No matter how benign this paternalism masquerading as benevolence might sound, forced sterilization is a crime that is committed against women (and sometimes men, such as in Indira Ghandi’s India), stripping them of free agency and human dignity. Patients get to decide what medical procedures are performed on them for a variety of reasons. They get to decide because there is no medical procedure that does not have risks as well as benefits, no matter how enormous the benefits or how small the risks. They get to decide because lots of things that doctors used to think were really good (e.g., hormone replacement therapy) are sometimes really bad. They get to decide because what makes sense for one person may not make sense for someone else. Fully informed consent, where someone is told of the risks and benefits of a procedure, and allowed to make their own, non-coerced, lucid decision, is one of the hallmarks of ethical medical care.

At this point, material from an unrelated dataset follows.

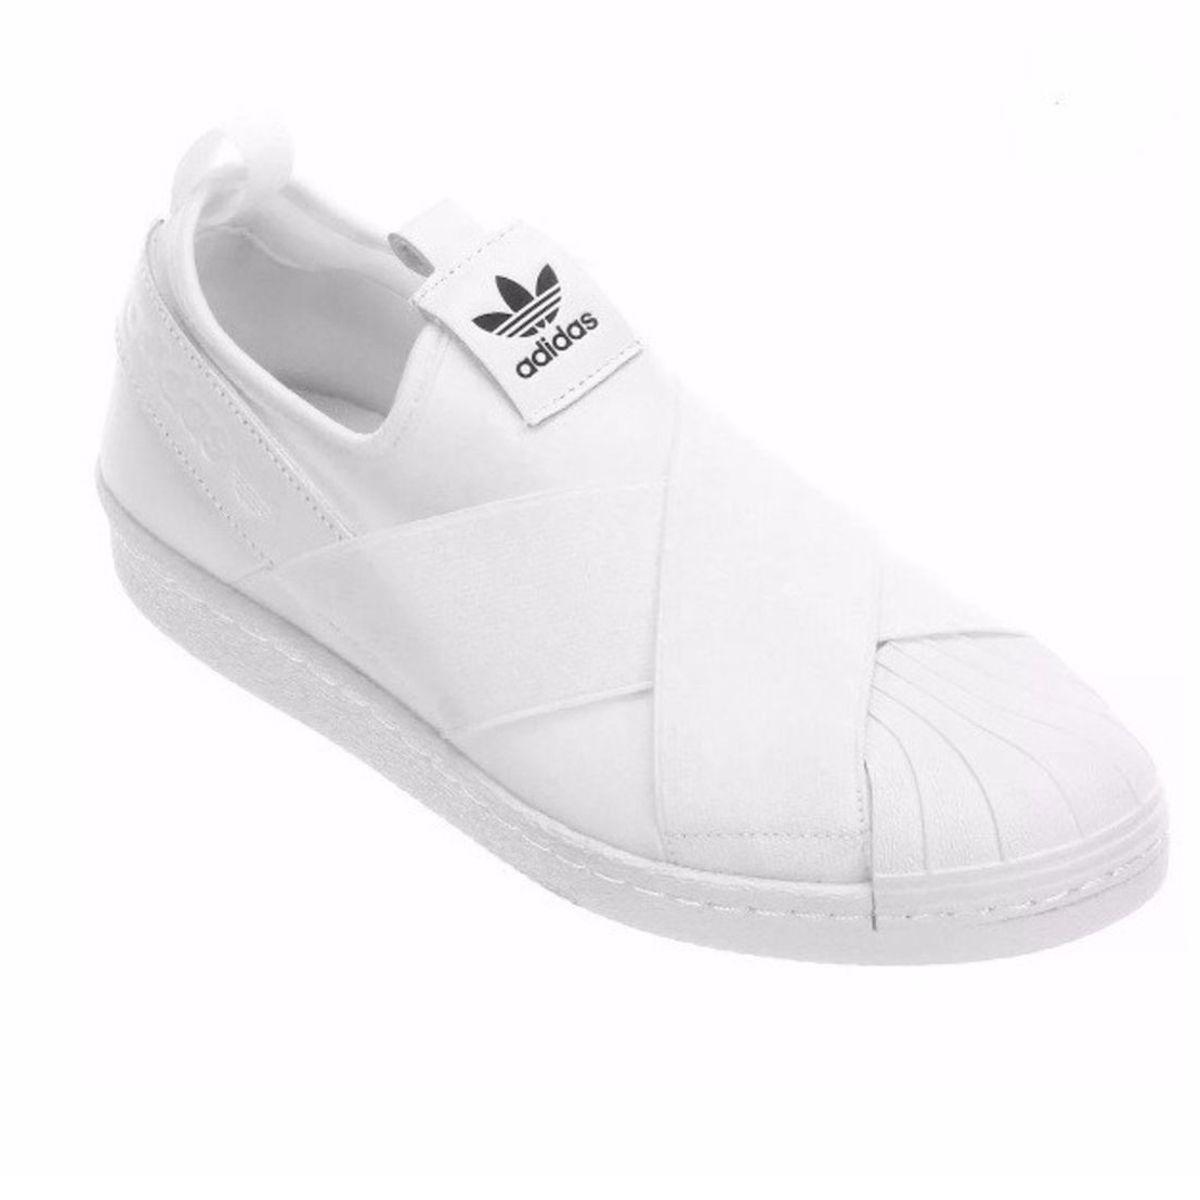 1c4dd8056 Tênis Elastico Adidas Superstar Slip On Branco 37
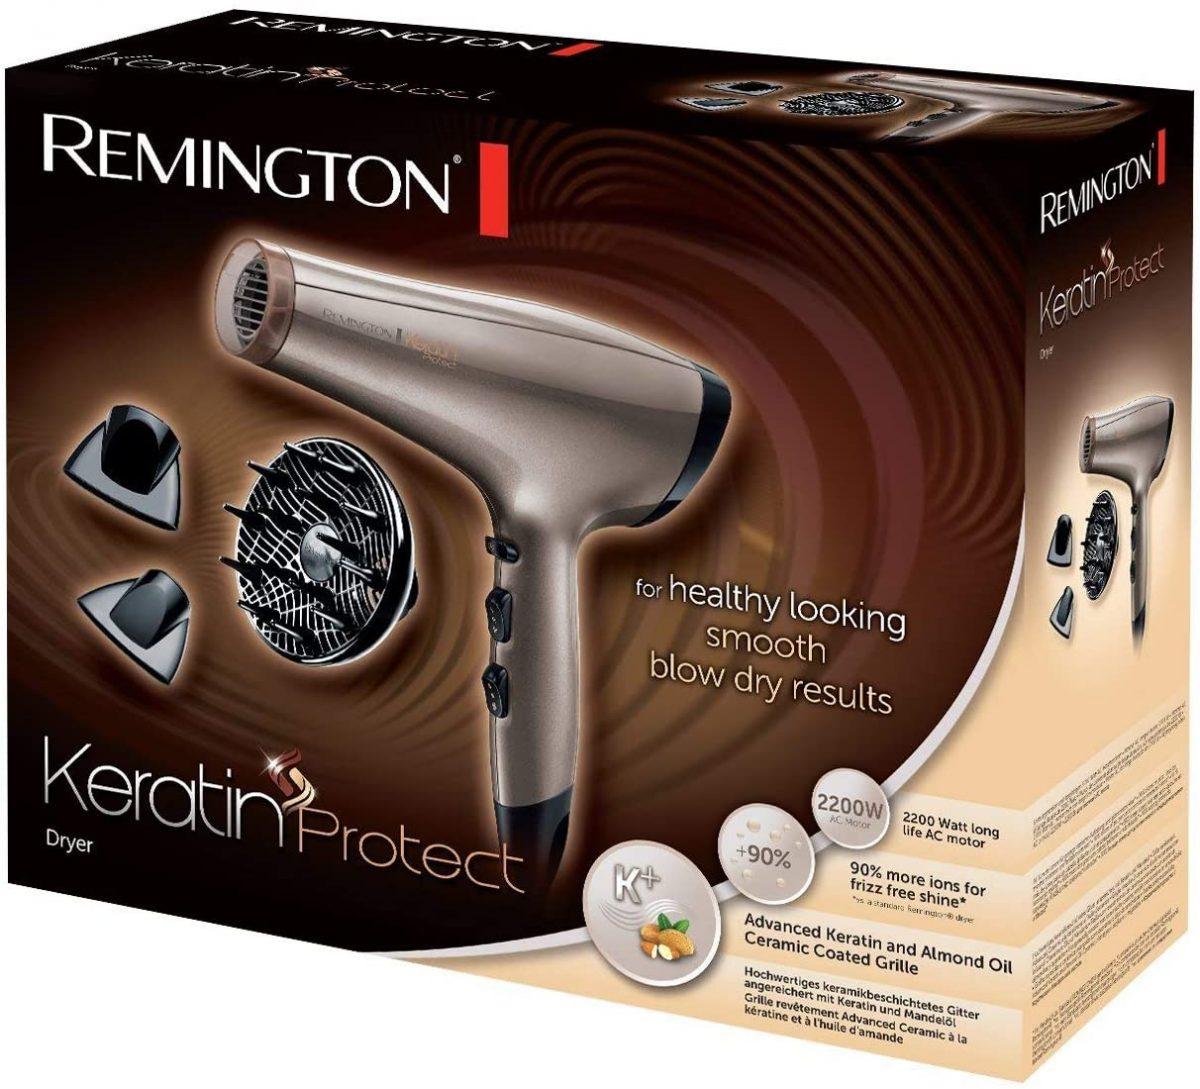 Remington Keratin Protect AC8002 barato scaled SuperChollos

Dr. Erik then comes to Femonomics and accuses her of being colonialist.
Disturbingly, this doctor is pretty well-connected on the NGO circuit. According to his bio:
Dr. Erik has held advisory positions for The Clinton Foundation, Family Health International, US Doctors for Africa and International SOS. He remains a national advisor on HIV/AIDS treatment for a number of countries around the world.
Involuntary sterilization is a human rights abuse, and a major ethical violation. This guy should not be let anywhere near women. He definitely should not be holding advisory positions at international health organizations.